4.Immunoglobulin intravenous injection, is the choice for resuscitation of critically ill patients.
5.Plasma replacement, is the choice for resuscitating critically ill patients.
6.Thymectomy, which is an elective treatment measure. For thymomatous MG, once diagnosed, it should be resected; for patients with systemic MG, elective thymectomy is recommended; for oculomotor MG, although not routinely recommended, thymectomy can be an option for patients with AChR antibody-positive oculomotor MG who are ineffective with drug therapy, recurrent, and aged between 15 and 60 years old.
Four basic strategies.
1. symptomatic treatment: cholinesterase inhibitors, the
2, rapid short-term immunomodulatory therapy: plasma exchange and immunoglobulin intravenous injection.
3. chronic long-term immunomodulatory therapy: hormones and immunosuppressants.
4. Thymectomy.
Recommended principles.
1, once the diagnosis of MG is confirmed, the first cholinesterase inhibitor is given.

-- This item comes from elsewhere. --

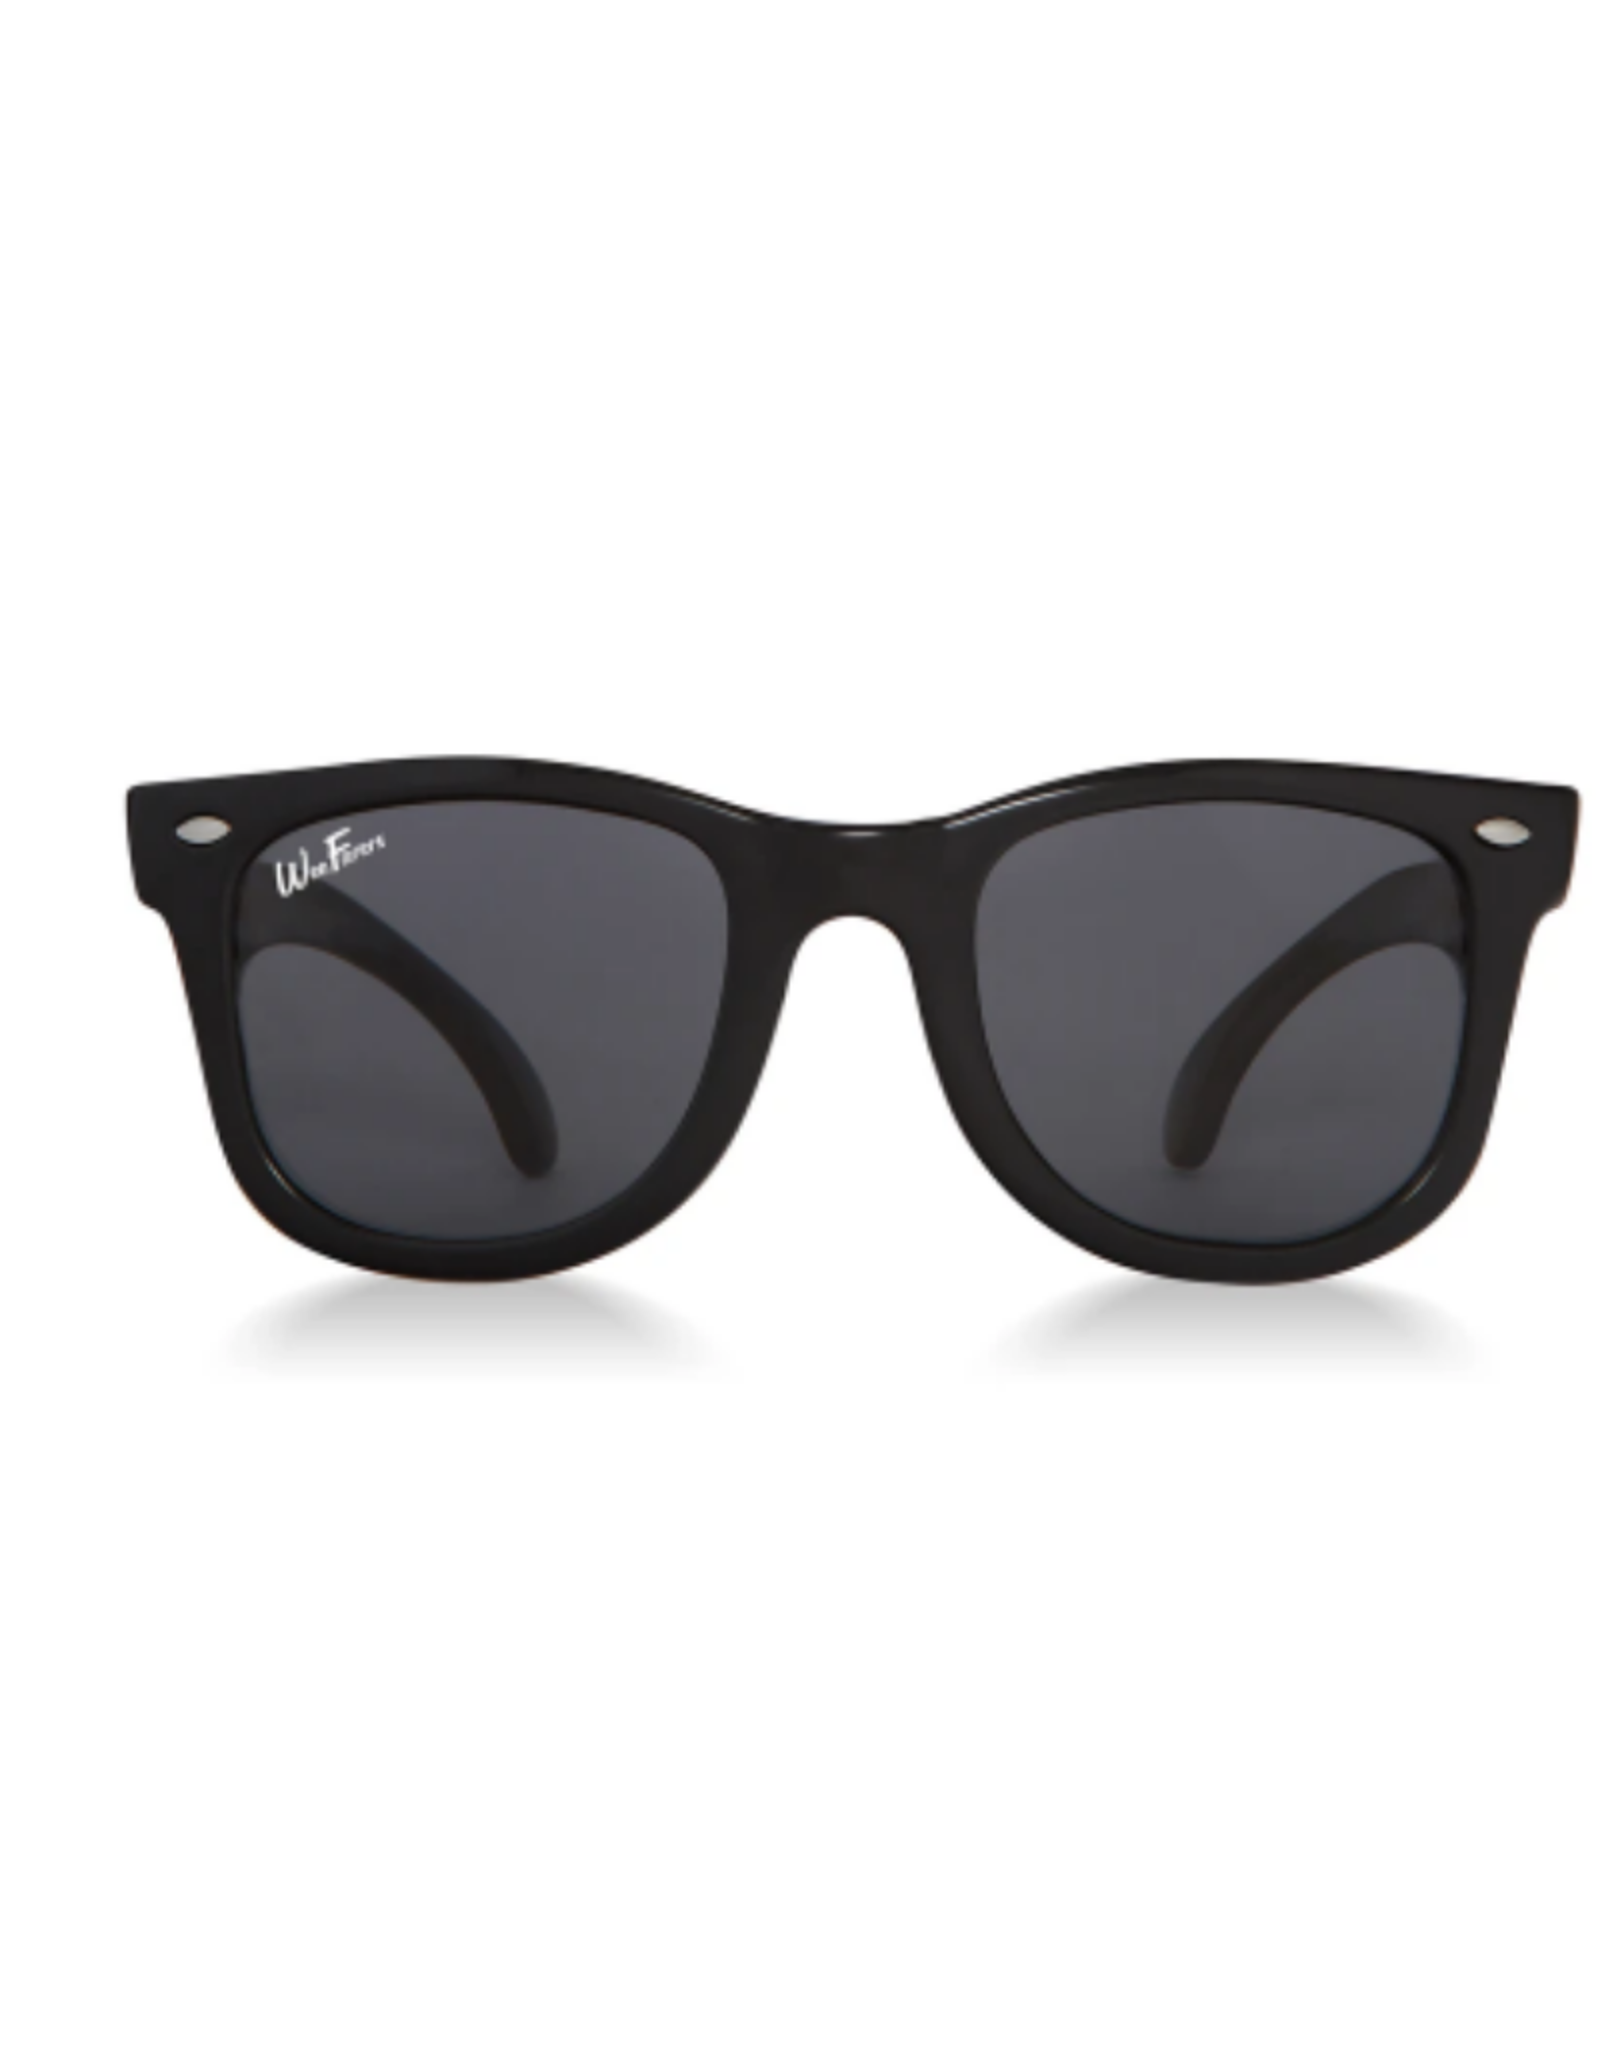 WeeFarers Black Sunglasses

2.Patients with thymoma undergo thymectomy.
3, AChRab positive, early stage of disease, systemic MG, patients who are ineffective to cholinesterase inhibitors should undergo thymectomy, preferably within 1 year.
4, Progressive MG can be considered immunosuppressive. It is recommended that prednisone be given first, along with diphosphonates, acid suppressants, and azathioprine. If azathioprine is not effective and cannot be tolerated, other immunosuppressive drugs can be considered.
5. Intravenous immunoglobulin and plasma exchange are suitable for short-course treatment in critical conditions and exacerbations, as well as for the preparation of critically ill patients before surgery.
Prognosis
Myasthenia gravis is a lifelong disease and a treatable disease.
The conversion rate of the systemic form is 30% to 80%.
After immunotherapy, the complete remission rate is 10%-22%, the remission rate of residual mild symptoms is 40%-45%%, and the partial improvement rate is 68%-87% With improved medical treatment and survival, the life expectancy of people is extended and the survival rate of MG is improved as well as the mortality rate is reduced by 5%-9%.